ESPE Abstracts (2018) 89 P-P2-040

X-linked Hypophosphatemia Registry - An International Prospective Patient Registry

Raja Padidelaa, Ola Nilssonb, Agnès Linglartc, Outi Mäkitied, Signe Beck-Nielsene, Gema Aricetaf, Dirk Schnabelg, Maria Luisa Brandih, Annemieke Booti, Ravi Jandhyalaj, Gerd Moellerk, Elena Levtchenkol & Zulf Mughala


aCentral Manchester University Hospitals, Manchester, UK; bKarolinska Institutet, Stockholm, Sweden; cBicetre Paris Sud, Le Kremlin Bicetre, France; dUniversity of Helsinki, Helsinki, Finland; eUniversity of Southern Denmark, Kolding, Denmark; fHospital Universitario Materno-Infantil Vall d’Hebron, Barcelona, Spain; gUniversity Children’s Hospital of Berlin, Berlin, Germany; hUniversity of Florence, Florence, Italy; iUniversity of Groningen, Groningen, Netherlands; jMedialis, Banbury, UK; kKyowa Kirin International, Galashiels, UK; lKatholieke Universiteit Leuven, Leuven, Belgium


Introduction: X-linked hypophosphatemia (XLH) is a rare, inherited disease that affects approximately 1 in 20,000 individuals. XLH is a disorder of renal phosphate wasting caused by high circulating levels of fibroblast growth factor 23 (FGF23) that impairs normal phosphate reabsorption in the kidney and production of the active form of vitamin D. Children with XLH experience abnormal bone development, rickets, osteomalacia, impaired growth, dental abscesses, craniosynostosis and bone and muscular pain. Affected adults may present with articular consequences of bone deformities, fractures, stiffness, enthesopathy, hearing loss, hyperparathyroidism, and periodontitis. As XLH is a progressive, often debilitating disease, it is important to improve understanding of both its natural history and outcomes on available therapies. Currently, there is no international registry that collects large-scale data on disease progression in XLH.

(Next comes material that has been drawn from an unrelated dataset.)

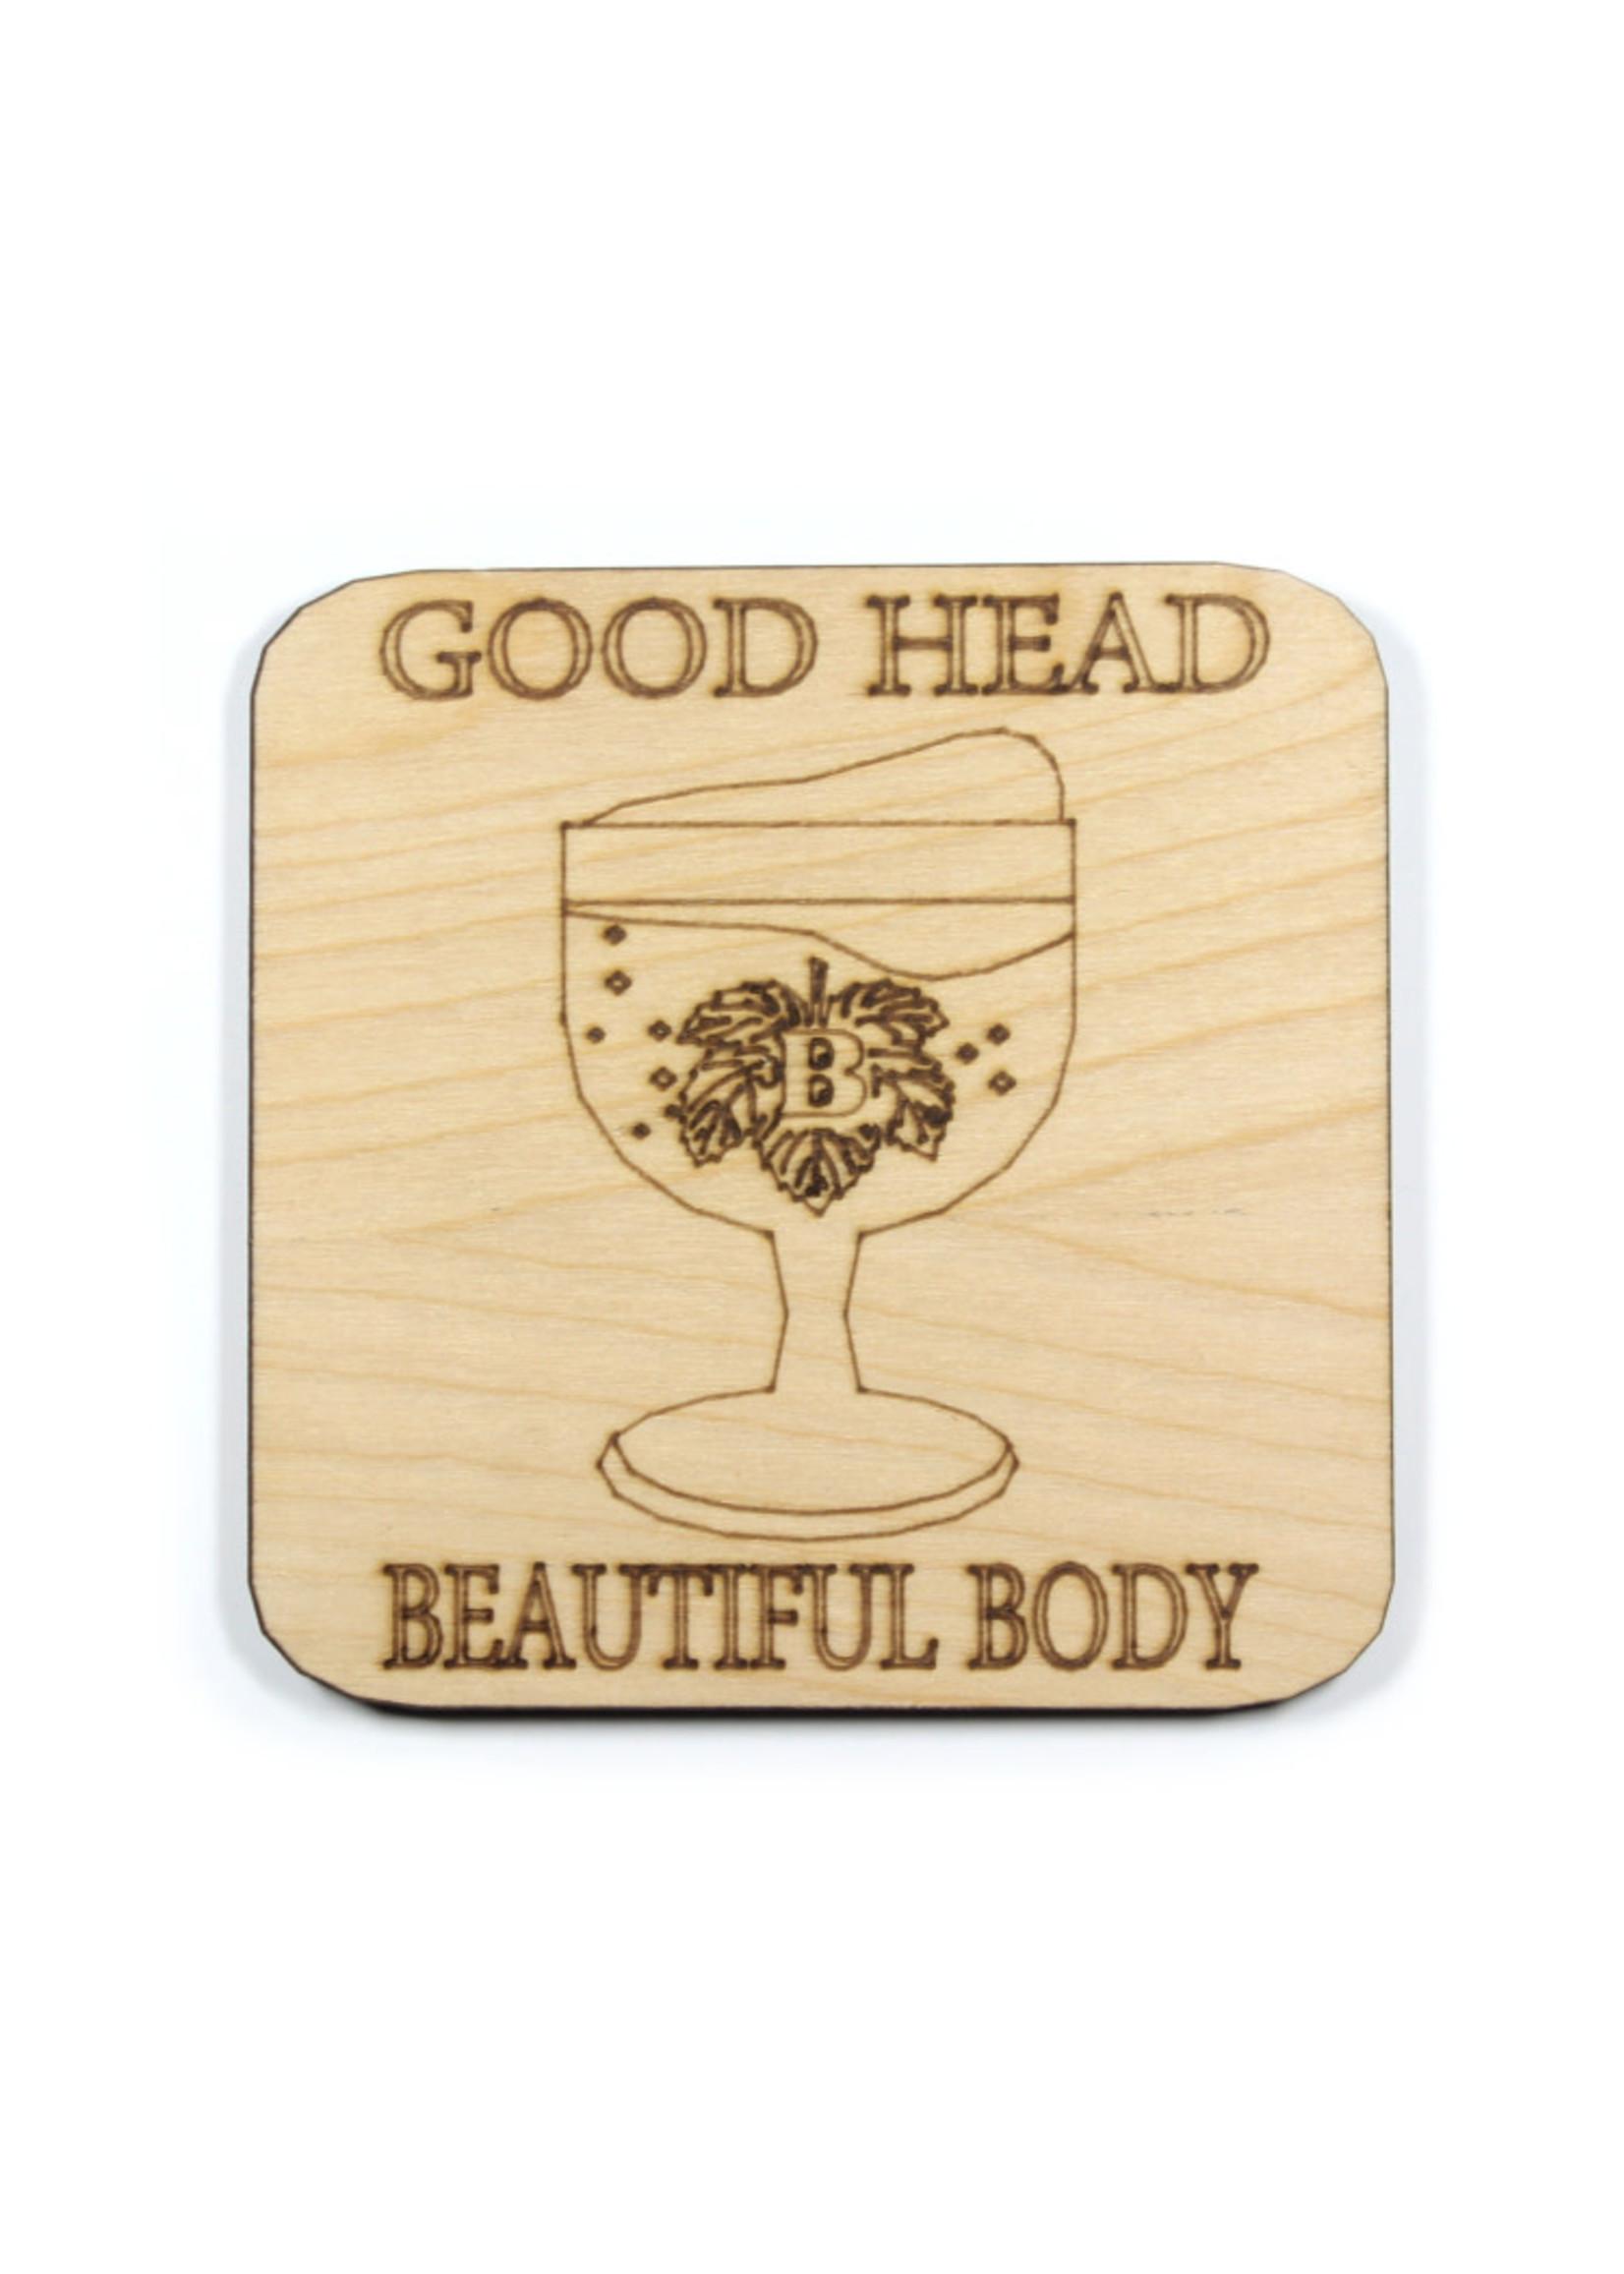 Pabst Wooden Coaster - Beer Good Head

Objectives: An international, multicentre, prospective, non-interventional disease registry has recently been launched to collect natural history data and characterise the treatment, disease progression and long-term outcomes in children and adults with XLH (ClinicalTrials.gov Identifier: NCT03193476).

Methods: Design and implementation of the registry was informed by recommendations from a recent European Medicines Agency workshop (EMA/69716/2017) and approved by a steering committee of European experts. The XLH Registry is planned to run for at least 5 years aiming to recruit 1200 patients in total. Data entry is via an online data capture tool (Castor EDC, Netherlands). Patients with confirmed XLH will be included under informed consent. As a non-interventional study, all data entered will be from routine practice at the participating sites, measured at baseline and prospectively at regular intervals. No data or investigations are mandated by the protocol. The registry will collect demographic variables, age and symptoms at diagnosis, family history as well as quantitative and qualitative disease markers including: rickets, bone shape, growth, oral health, muscular function, quality of life, phosphate wasting, alkaline phosphatase and complications including nephrocalcinosis, hyperparathyroidism, hearing and neurological features.

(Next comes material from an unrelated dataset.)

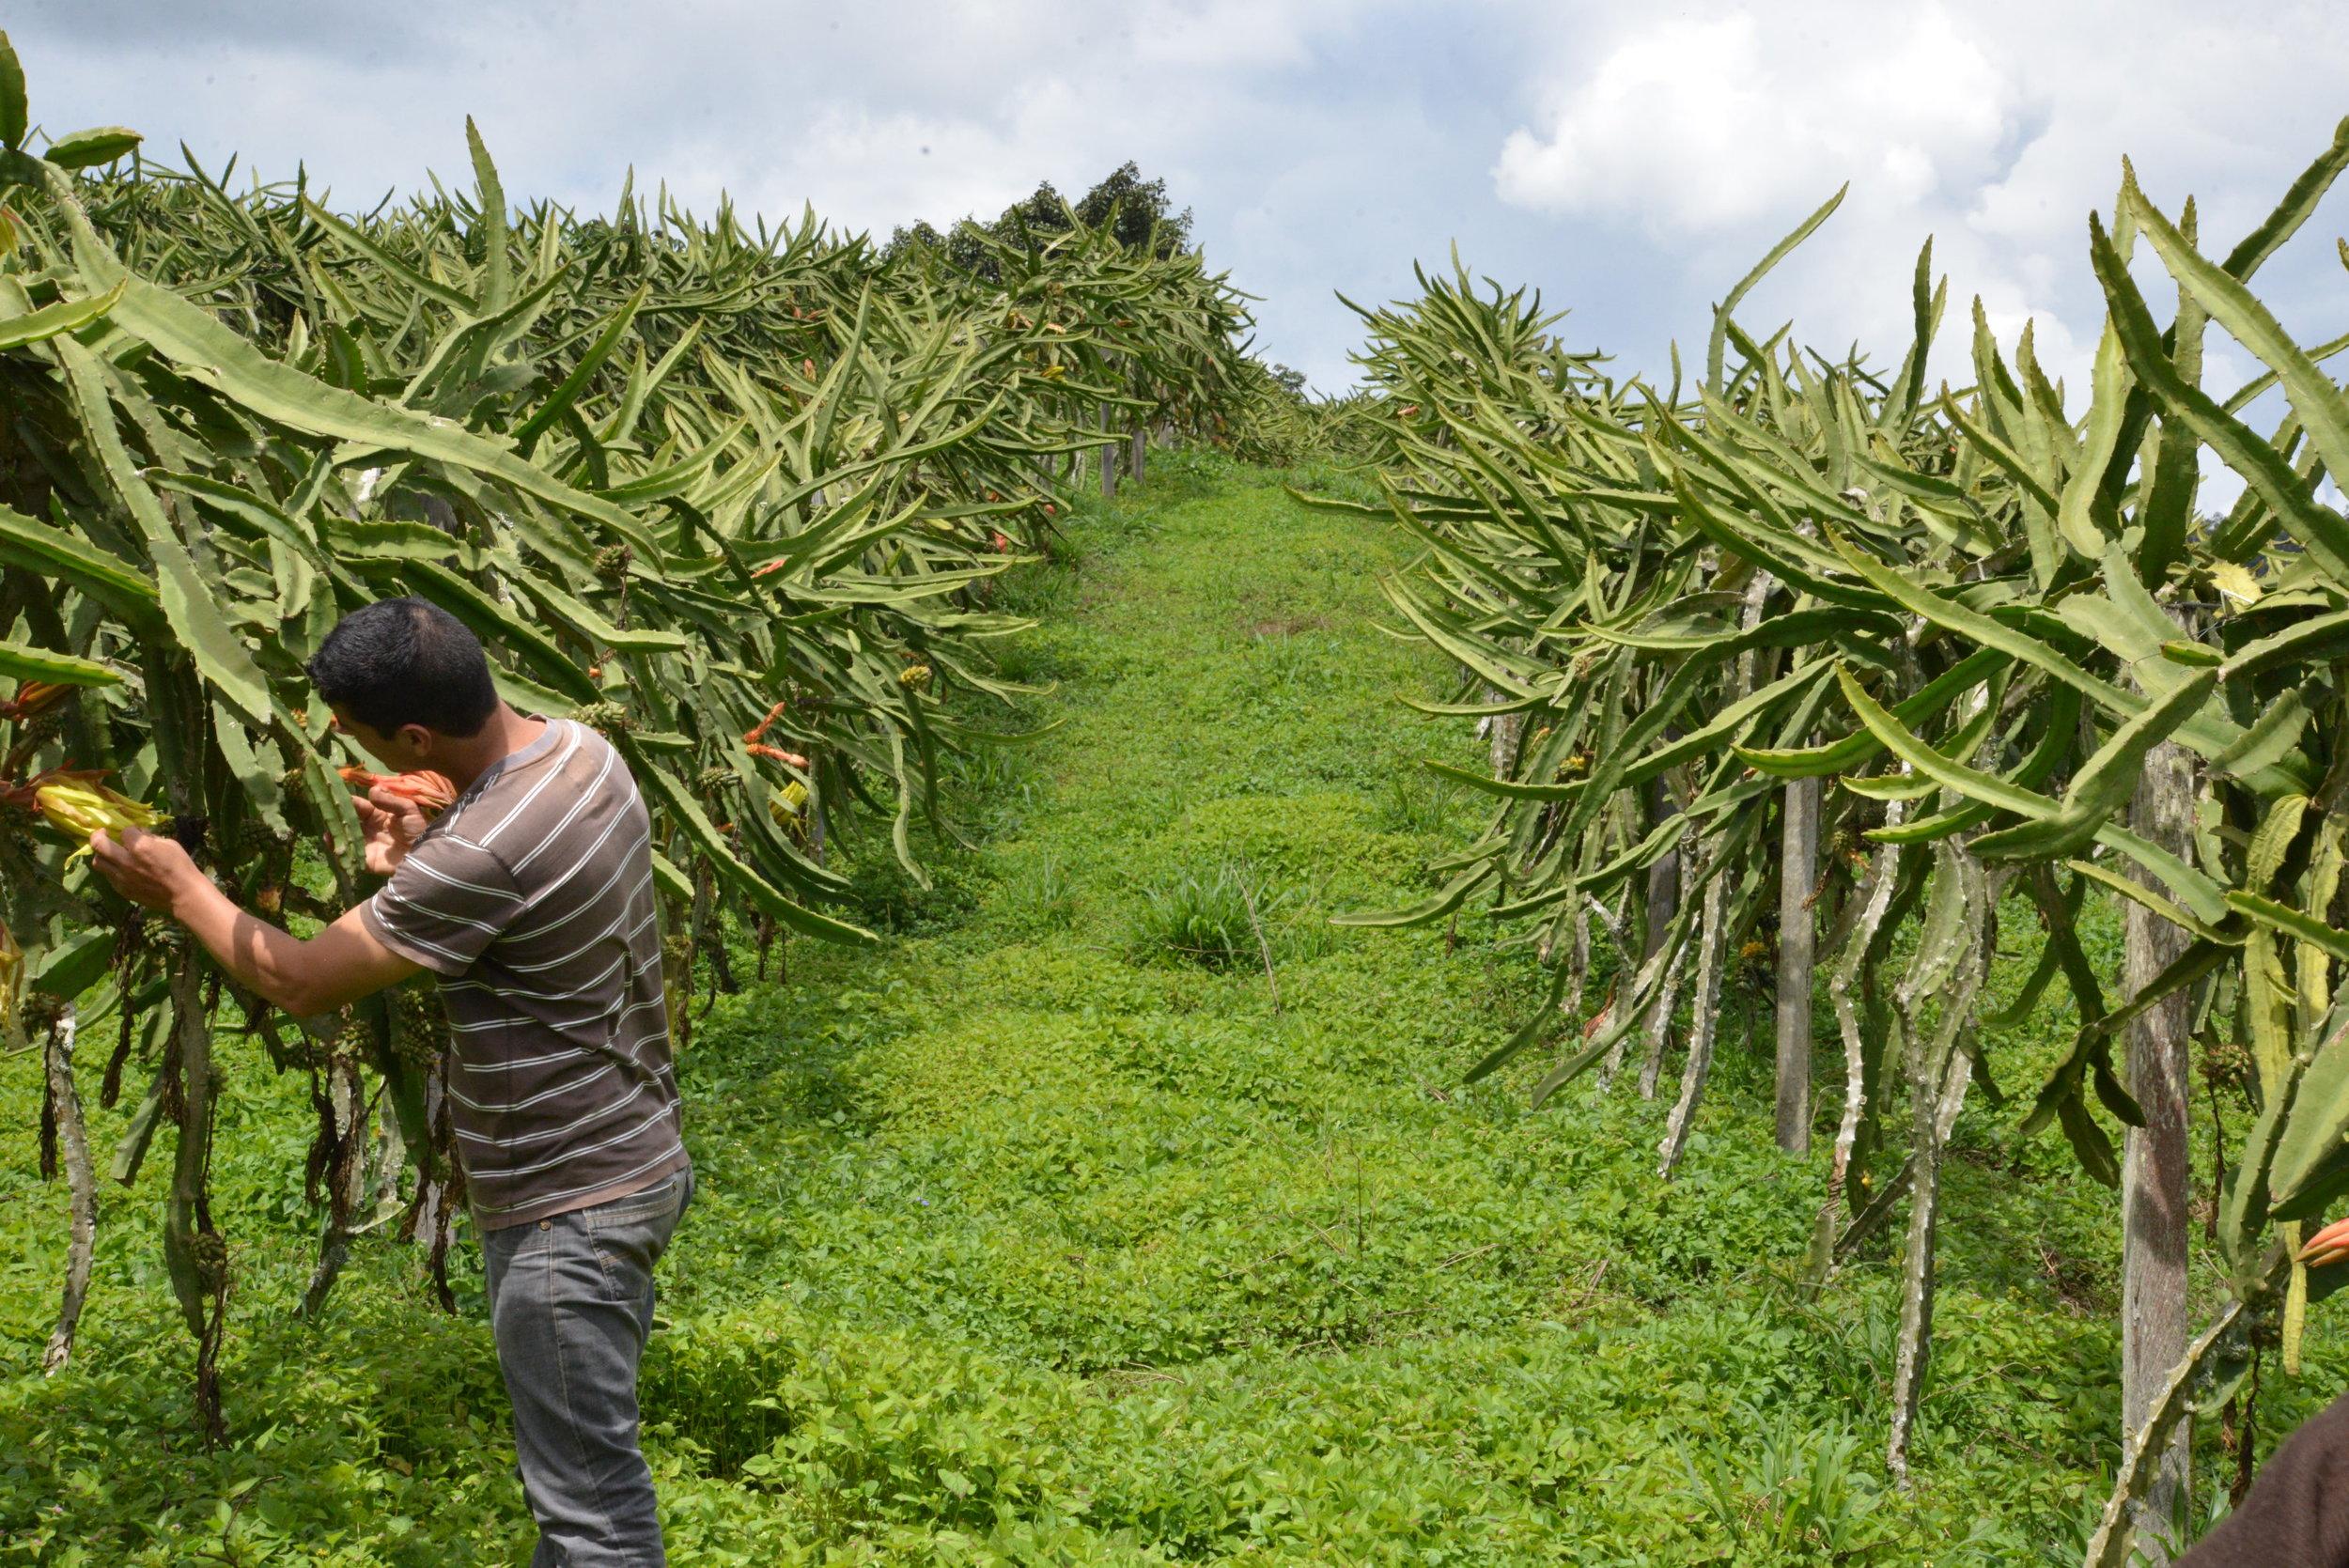 The vineyard-like rows of dragon fruit!

Results: At time of submission the XLH Registry has recruited 21 patients from 11 sites across the UK, Denmark and Italy. National regulatory approval in 8 other countries is pending, with 56 sites expected to be live by December 2018.

Conclusions: The XLH Registry will generate epidemiological data that may provide improved understanding of the natural history, the disease-burden, as well as the long-term treatment outcomes of XLH. Ultimately, the XLH registry will support development of future XLH treatment guidelines and inform best practice.